Interview: Gonzalo Ruiz
What impact will the ban on locked mobile phones have in terms of operator mobility among users?
GONZALO RUIZ: The first important thing to underline here is the fact that the Peruvian telecoms landscape is unique when compared to neighbouring countries. The local market is more concentrated, with four operators controlling similar market shares.
According to our diagnosis, the barriers to competition in the mobile telecoms market can be classified as contractual, technical or regulatory. Contractual barriers consist mainly of expensive penalties to contract termination. We addressed this problem by establishing a ceiling to these penalties. Technological barriers were related to the SIM lock system, which restricted the consumer from using the same mobile phone with an alternative mobile operator. Regulatory barriers were related to long and expensive portability procedures. All these issues have been tackled by the new regulation enforced in 2014. As a result, portability has increased 10-fold and the outlook for market growth and competition is optimistic.
As mobile virtual network operators enter the market, what steps are needed to ensure that the necessary infrastructure is put in place?
RUIZ: Peru is a country in which geographic and demographic factors make the deployment of infrastructure difficult and expensive. In 2015, the government approved Law 29022, with the aim of reducing barriers to the deployment of infrastructure imposed by certain municipalities. One critical feature of this new regulation consists of the harmonisation of municipal requirements for the development of infrastructure.

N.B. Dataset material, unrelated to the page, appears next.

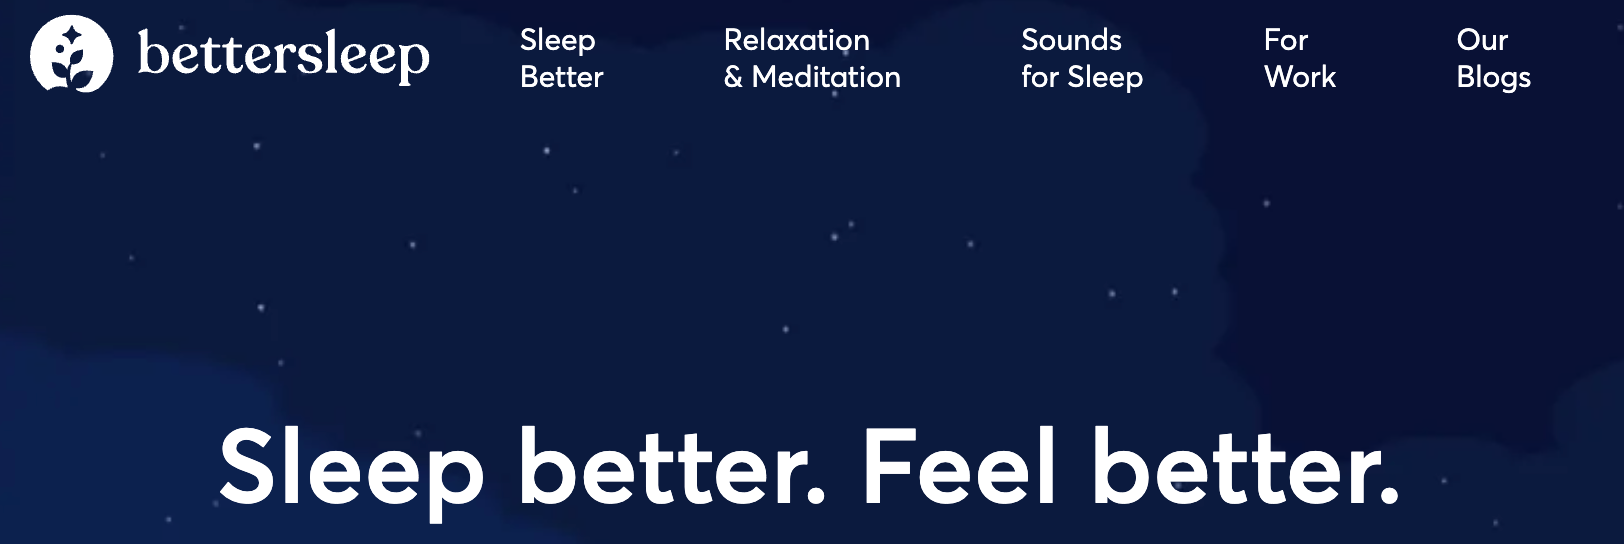 BetterSleep website homepage

This avoids having different sets of rules for each district, which would add unnecessary complexity to the regulatory framework.
Another feature is the creation of an automatic approval regime for new projects, which includes a wide range of measures to accelerate procedures for starting infrastructure installation works. Some of these measures consist of putting more emphasis on ex post verification of some of the requisites.
Complementarily, OSIPTEL has recently approved a set of regulations that provide incentives to infrastructure investment. OSIPTEL has in addition developed rules in order to regulate and apply proper infrastucture-sharing regimes among telecoms and other utility companies. We think that the auction of the 700-MHz band, which will be implemented as a complementary measure to the National Fibre Optical Backbone Network (Red Dorsal Nacional de Fibra Optica, RDNFO), will allow far-away communities access to high-speed internet.
What opportunities and challenges have emerged in developing telecoms infrastructure?
RUIZ: The auction of the 700-MHz band is one of the main opportunities. The mobile segment, though very competitive, is also very attractive. The broadband backbone network, whose development is being led by the RDNFO, has acted as a magnet for investment. In 2014, a year of economic deceleration, investment surpassed $1bn in the telecoms sector alone. I strongly believe that we will continue to see growth rates in foreign direct investment in the coming years.
How can operators ensure healthy competition while avoiding price wars?
RUIZ: In Peru we are destroying the myth that too much competition reduces investment. In 2014 we saw an increase in investment and a jump in the number of users in the mobile market from around 30m to 31.8m. This happened at the same time that two new players entered the market. Competition is not only generating lower prices and enhancing the overall quality of the market; it is also creating high-quality jobs. The experience in Peru shows that a virtuous circle can exist between competition and investment.